I interject, “Arya, that’s a personal attack—a type of logical fallacy.” More blank stares. “It just means no name calling. It’s a cheap move.”

Arya pouts. “Well it was stupid!”

Cheri stifles a laugh behind me.

“Then explain why you think it’s a bad argument, not just call it stupid.”

Finn nods and adds, “Yeah, you stink butt!”

A few minutes later after we’ve cleaned up the broken glass from the brawl, Finn changes tactics. “You know what? I think I remember Ellie wasn’t feeling good. Yeah. I bet she couldn’t help it and nobody knew she wanted out. It wasn’t her fault."

Arya, after a pause, replies, “Um, Finn, what if every dog said they were sick after they went potty on the carpet?
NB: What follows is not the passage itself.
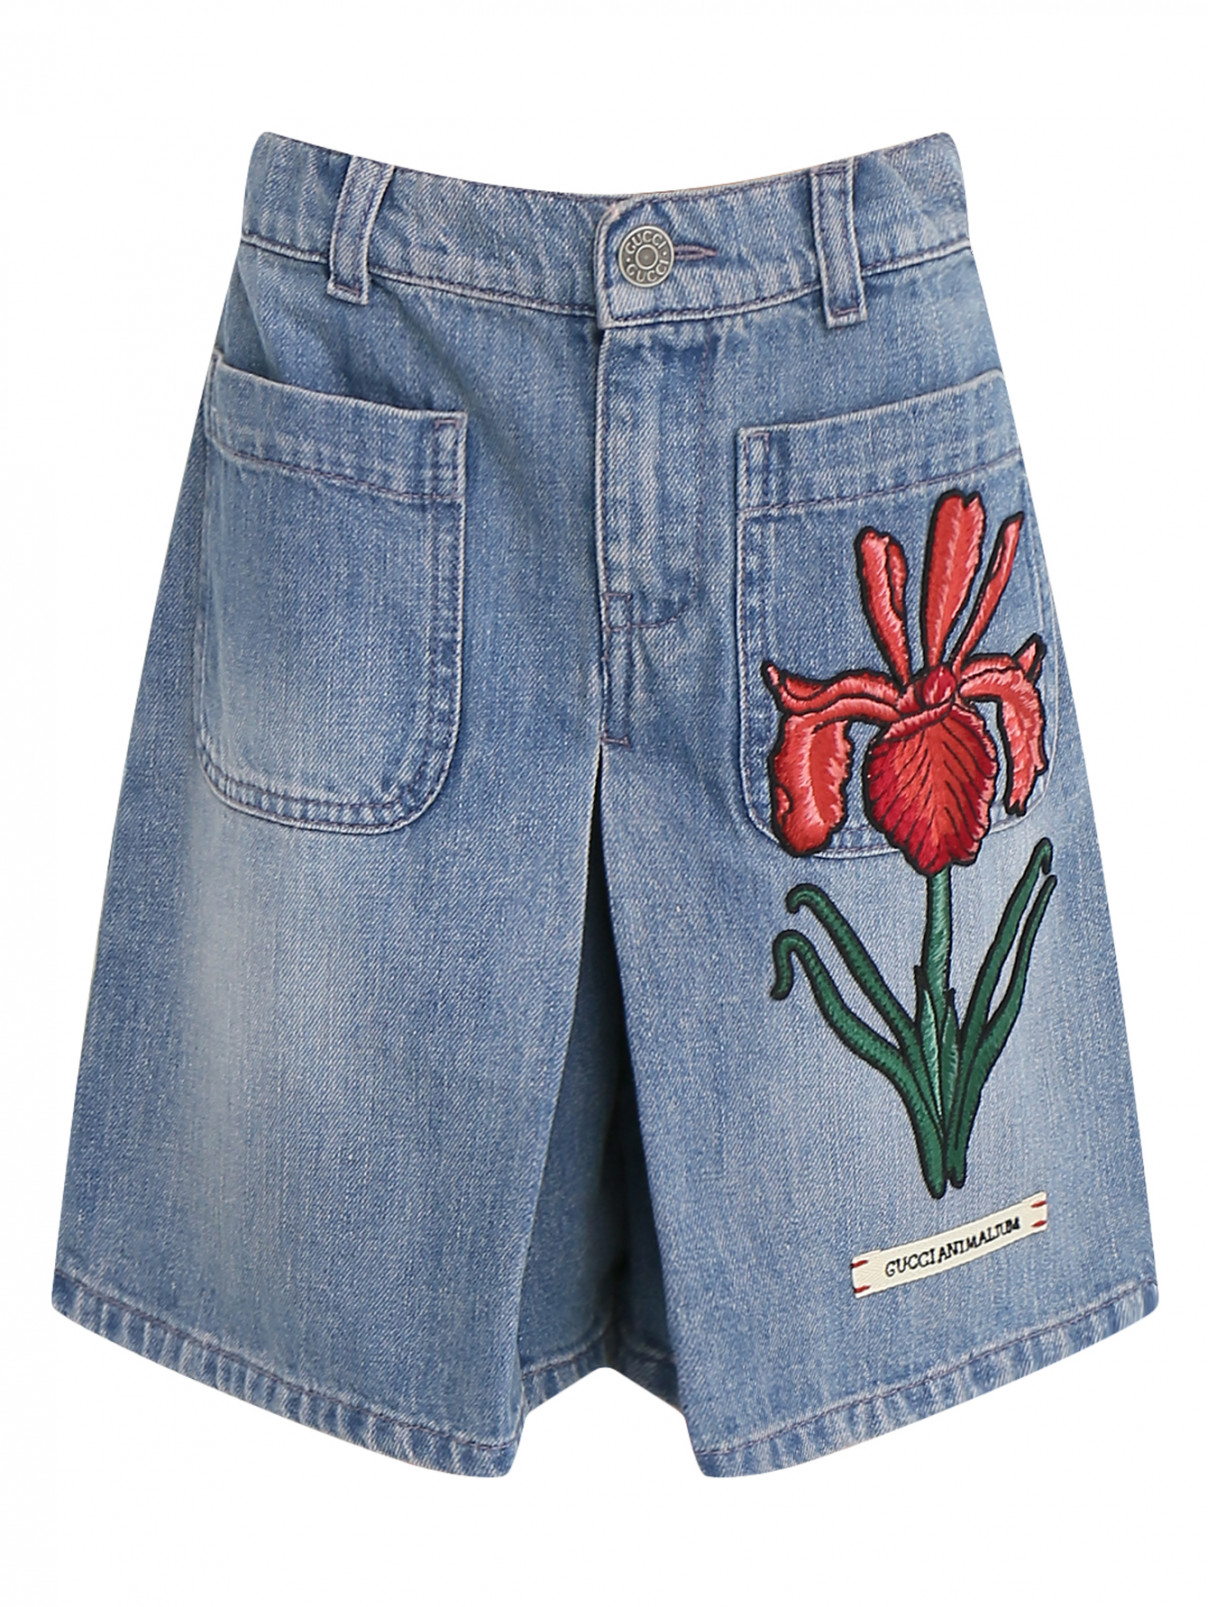 Джинсовые шорты с аппликацией Gucci  –  Общий вид  – Цвет:  Синий
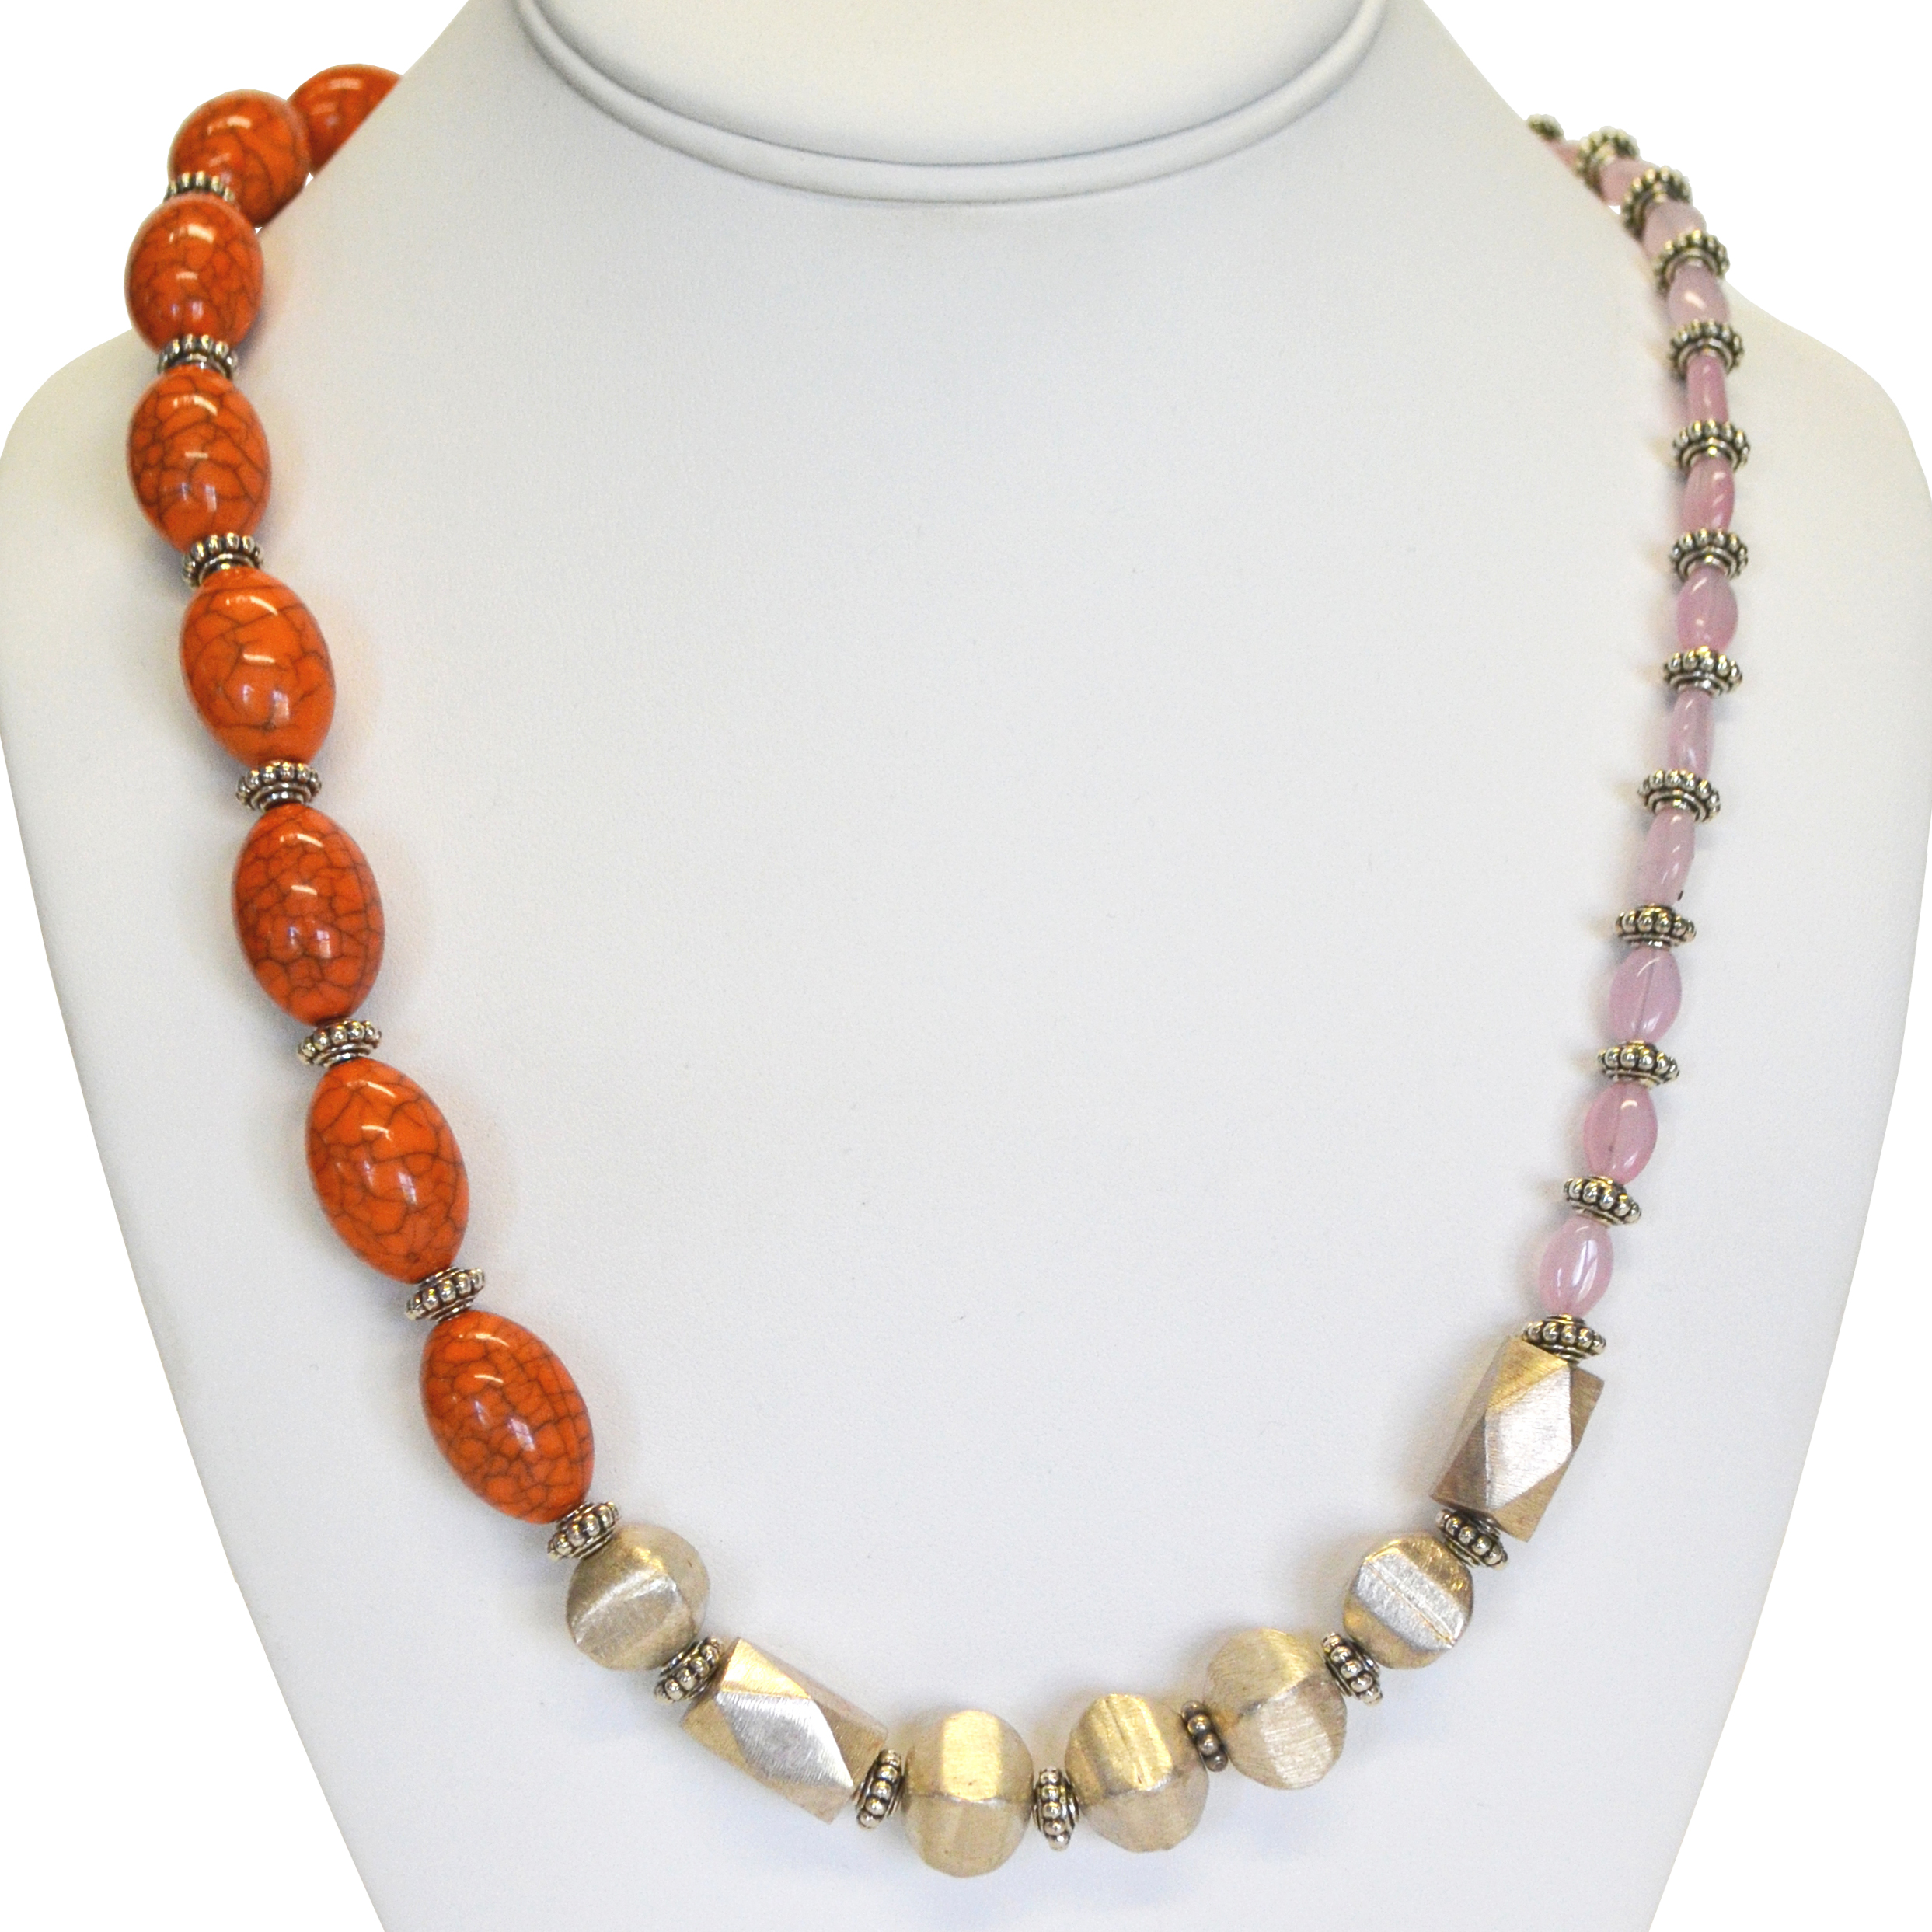 Orange asymmetrical necklace by Kayla Johnson

Houses would be filled with pee pee pools.”

Finn looks like he's struggling to come up with a rebuttal and I think he’s going concede, when two events suddenly turn the tides of the trial.

First, the music we have streaming shifts to a dramatic, Irish-wake song (bag pipes and all). In a lilting accent, a man sorrowfully sings:

Please don't cry my Mother as you sit by the hearth I will dance your memories with joy in my heart I will go now and pray as I travel this land And live by the lessons you gave

Then, as if on script, Ellie sits beneath Arya’s stool and emits a quiet whine. Though I know she’s only begging for crepe scraps, the effect is compelling.

With bagpipes playing, Ellie pitifully wagging her tail and whining, Arya gravely announces . . . “Not guilty.”